Cornelis Jacobsen May explored south again that very summer. He even entered the James River. Then he revisited the cape he had first sighted a few years earlier and which now bears his name. Entering Delaware Bay this time however, he charted its shores, and following in Hendricksen’s path he ascended the river to trade and more thoroughly investigate it also.

By the following year, 1621, the English ambassador at The Hague was before the States General calling attention to the trespassers on “English” territory in America. But his protests received scant hearing. The lowlanders’ grand design for the west was now in process of completion—the West India Company had been chartered—and a government for New Netherland was being organized. Already an official seal for the new province in America had been engraved, the figure of a beaver, fittingly enough, its central theme.

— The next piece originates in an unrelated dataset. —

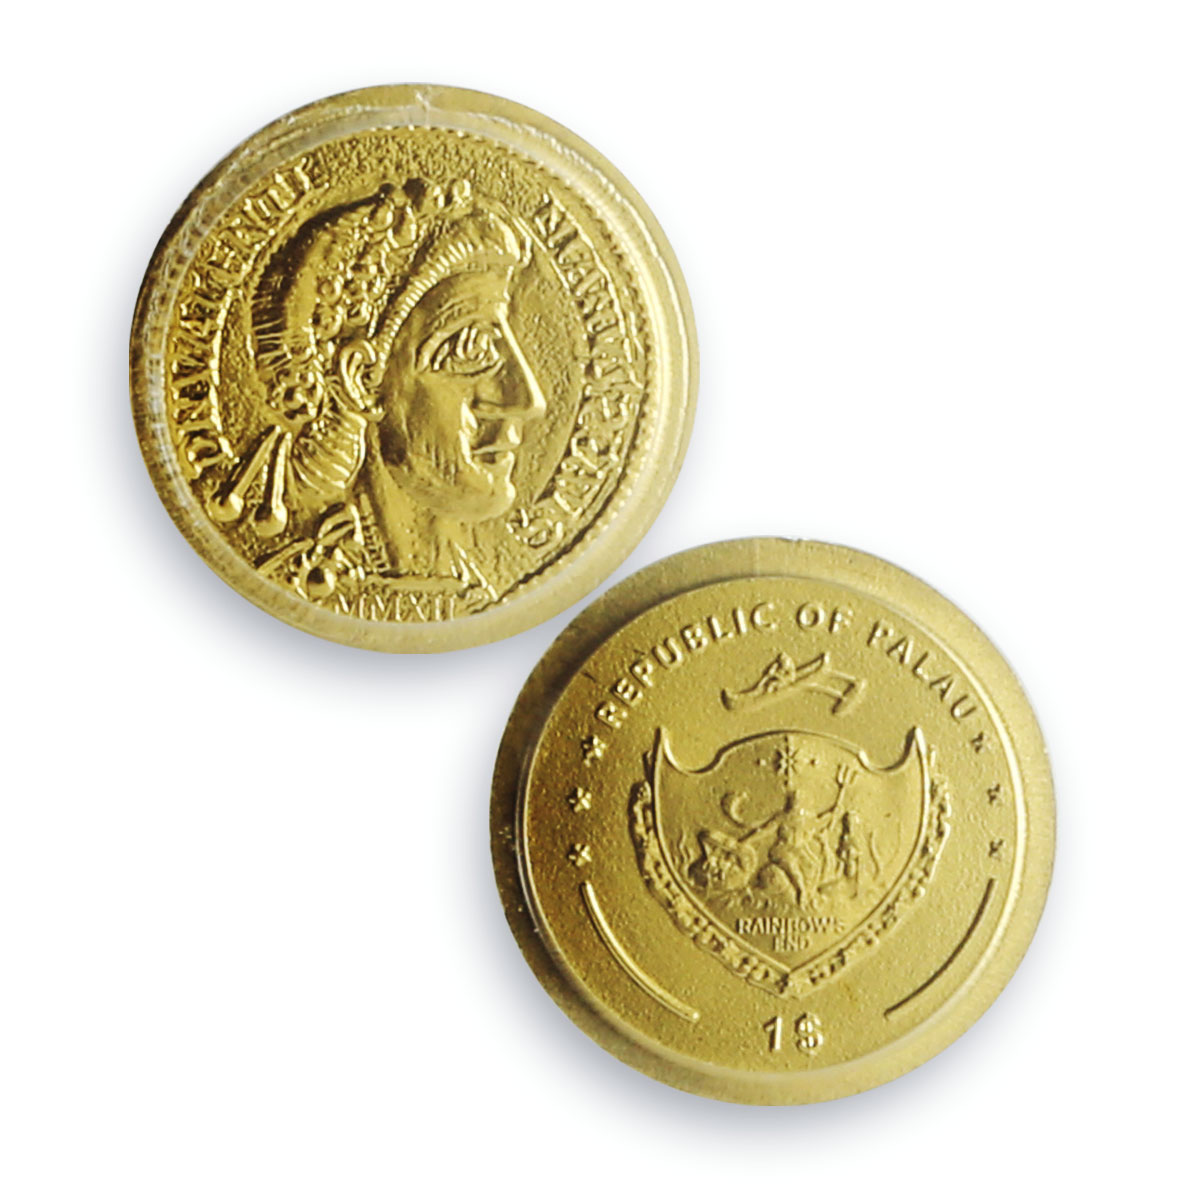 Palau 1 dollar Rome Empire Emperor Valentinian Politics MS69 PCGS gold coin 2012

In the meantime however part of the Dutch claim had been occupied by some refugee Englishmen who were determined to stay in America. The Pilgrims had planted the first permanent settlement on the coast of New England.

IX
The Pilgrims Rely on God and Beaver

The first permanent settlement made by the English on the northern coasts of America owed its success to traffic in pelts.

Almost from the very beginning in the winter of 1620-21 the Plymouth plantation was a fur-trading post, depending on beaver and otter skins for the maintenance of its inhabitants. And, as Edward Channing has put it, “In the end what saved the Plymouth colony from extinction and gave the settlers a chance to repay the London merchants for their advances was a well managed fur trade.”

Governor William Bradford himself recognized that the fur trade was vital to the survival of his people in New England, saying “there was no other means to procure them food which they so much wanted and clothes also.”

This was only too true. Not only did a vicious system of communalistic enterprise retard the production of food at Plymouth but the merchant adventurers in England who backed the plantation insisted that time-consuming agricultural activities be curtailed to a minimum, promising to send over the needed food. In return for financing the venture they wanted quick returns that could be gotten only from fish and fur. Since the Plymouth colonists were never too successful at fishing, in fact ill equipped for that pursuit, they had to depend on the export of pelts to keep the merchants happy and to wangle supplies and trucking goods enough to keep themselves alive.

Even with the help of the fur trade, however, this brave little band of Brownist Separatists probably would not have survived the rigors of the climate and the harsh New England coast except for the impelling religious motive that brought them to America in the first place.